Membrane Biol. ) Vol. 19, 1-3
6 (1974) can also be used. The concentration can also be appropriately changed within the range of 0.1 to 5 mol%.

Valinomycin can be used as a molecule having the ability to recognize a specific substance. Other than this, Electrochemistry Vol. 53, No. 12,942-946 (1985)
Crown ethers and cryptands described in "Journal of American Chemical Society", Vol. 110, No. 2,571-57
7 (1988) can be used. These molecules have ion selectivity, and have a function of selecting ions such as potassium, calcium, sodium, lithium, and magnesium. The concentration of these substances with specific substance recognition ability is 1 to 50 m
ol% can be selected.

The LB film of the present invention is a monitor dye that is amphipathic, inactive to the above-mentioned membrane potential-sensitive dye, has different optical characteristics from the above-mentioned membrane potential-sensitive dye, and is insensitive to the membrane potential. It is characterized by containing. Here, the membrane potential insensitivity means that the fluorescence intensity of the dye is not affected by the change in the membrane potential of the LB membrane.

The monitor dye that can be used in the LB film of the present invention is not particularly limited as long as it satisfies the above conditions. For example, NK3167, NK2560, NK266.
5, NK3175 (manufactured by Nippon Senshoku Co., Ltd.) and the like. In the present invention, the LB film prepared as described above can be used as an optical chemical sensor.

The support used when the LB film of the present invention is used as an optical chemical sensor is not particularly limited as long as it can be used for an optical chemical sensor, and examples thereof include a silane-treated glass substrate.

In order to prepare an LB film for an optical chemical sensor, the monolayer film developed on the water surface is supported by the method previously proposed by the present inventors, that is, by the pressure before the phase transition. Accumulate on the body.

A monitor dye is newly added to the LB film of the present invention. This is because when the LB film of the present invention is used as an optical chemical sensor, deterioration of the optical chemical sensor is monitored and corrected by the dye. When the LB film of the present invention is used in an optical chemical sensor, the monitor dye is required to have the following properties. First, it is desirable that the monitor dye have different optical characteristics from the coexisting membrane potential sensitive dye.

That is, it is necessary to have optical characteristics that do not interfere with the absorption wavelength or fluorescence wavelength of the membrane potential sensitive dye. At the same time, it is desirable that the optical change is small with respect to the membrane potential. Second, the monitor dye is preferably fluorescent.

Some membrane potential-sensitive dyes utilize changes in absorbance and changes in fluorescence intensity. However, since the change in fluorescence intensity is greater than that in fluorescence, a fluorescent one is used. From such a viewpoint, a fluorescent dye is used in the optical chemical sensor, and the monitor dye is also preferably a fluorescent dye. In particular, in an ultra-thin film such as an LB film, a highly accurate device is required to measure the absorbance of a dye with high accuracy. Therefore, when a dye that utilizes the change in absorbance is used, the amount of change is small. Therefore, the usage range of the sensor is narrowed. Third, the monitor dye is preferably amphipathic. This is because, in order to disperse the dye in the LB film, an amphipathic substance similar to the amphipathic substance that serves as the matrix of the LB film is desirable.

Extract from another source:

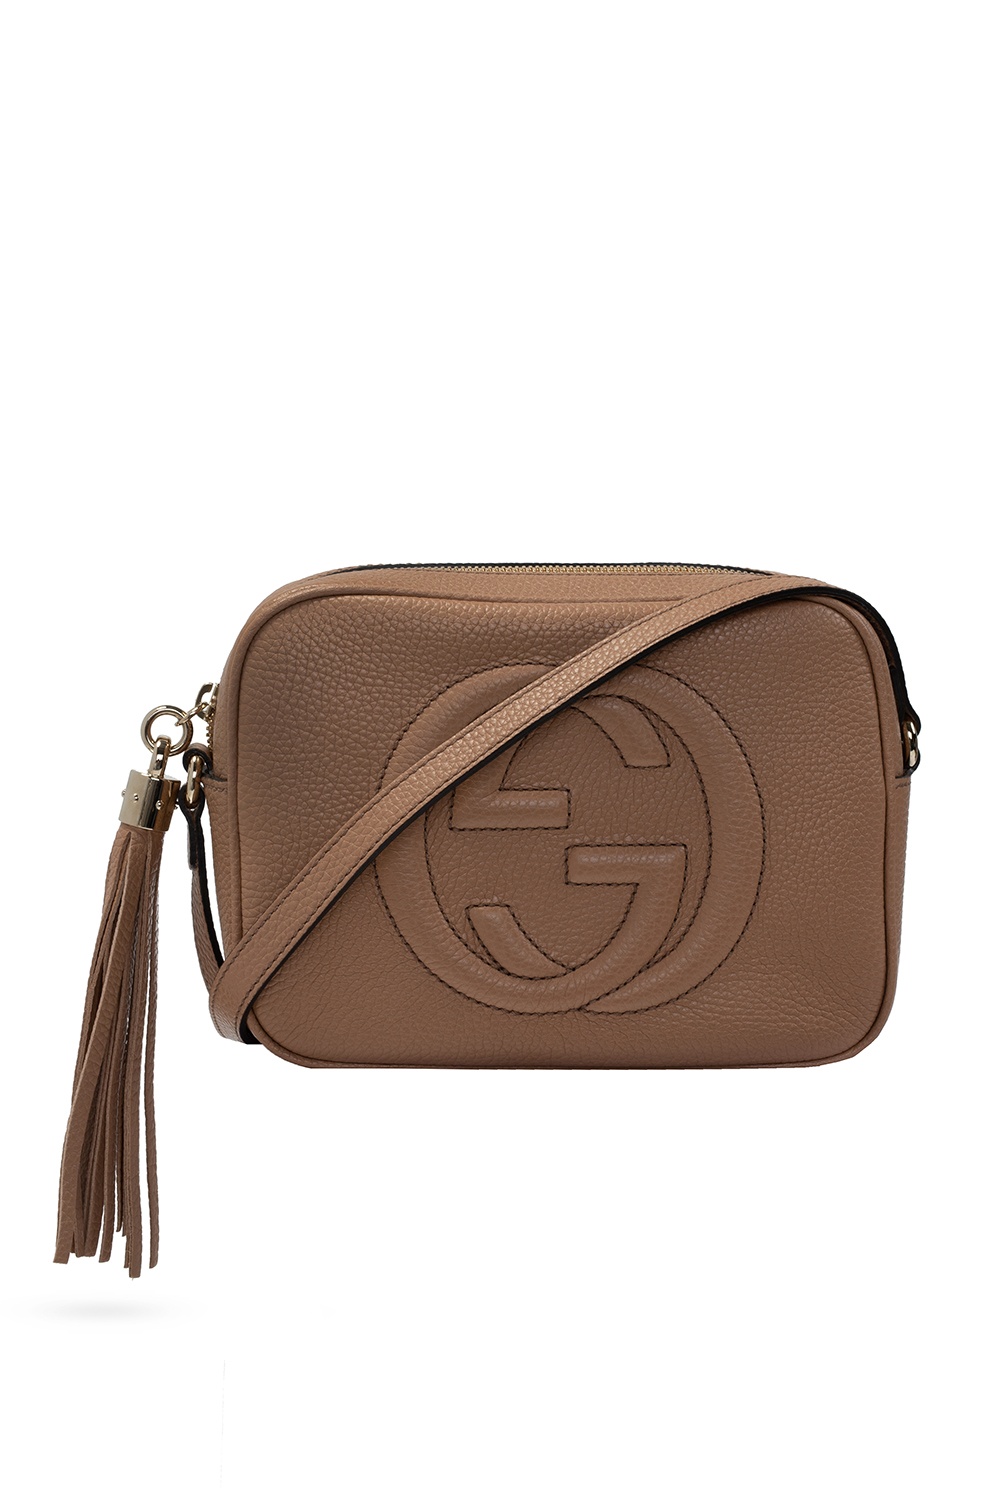 Gucci 'Soho Disco' crossbody bag, Women's Bags

There is also a method in which an ionic water-soluble dye is ion-bonded to the LB film material and held, but it is not preferable because it may be dissociated and flowed out depending on the ionic strength of the solution in contact therewith. If it is fat-soluble, it may aggregate.
From such a viewpoint, in the optical chemical sensor,
As the membrane potential sensitive dye, the same amphiphilic dye as the constituent material of the LB film is used. Therefore, it is desirable that the monitor dye is also amphipathic.

Further, it is desirable that the hydrophilic group of the monitor dye also has the same type of charge as the membrane potential sensitive dye. This is because, when they have opposite charges, the membrane potential-sensitive dye and the monitor dye may electrostatically bond with each other to quench the fluorescence. It is expected that the degree of deterioration of the LB film of the present invention can be estimated by a simple correction by using a dye having properties similar to those of the membrane potential sensitive dye.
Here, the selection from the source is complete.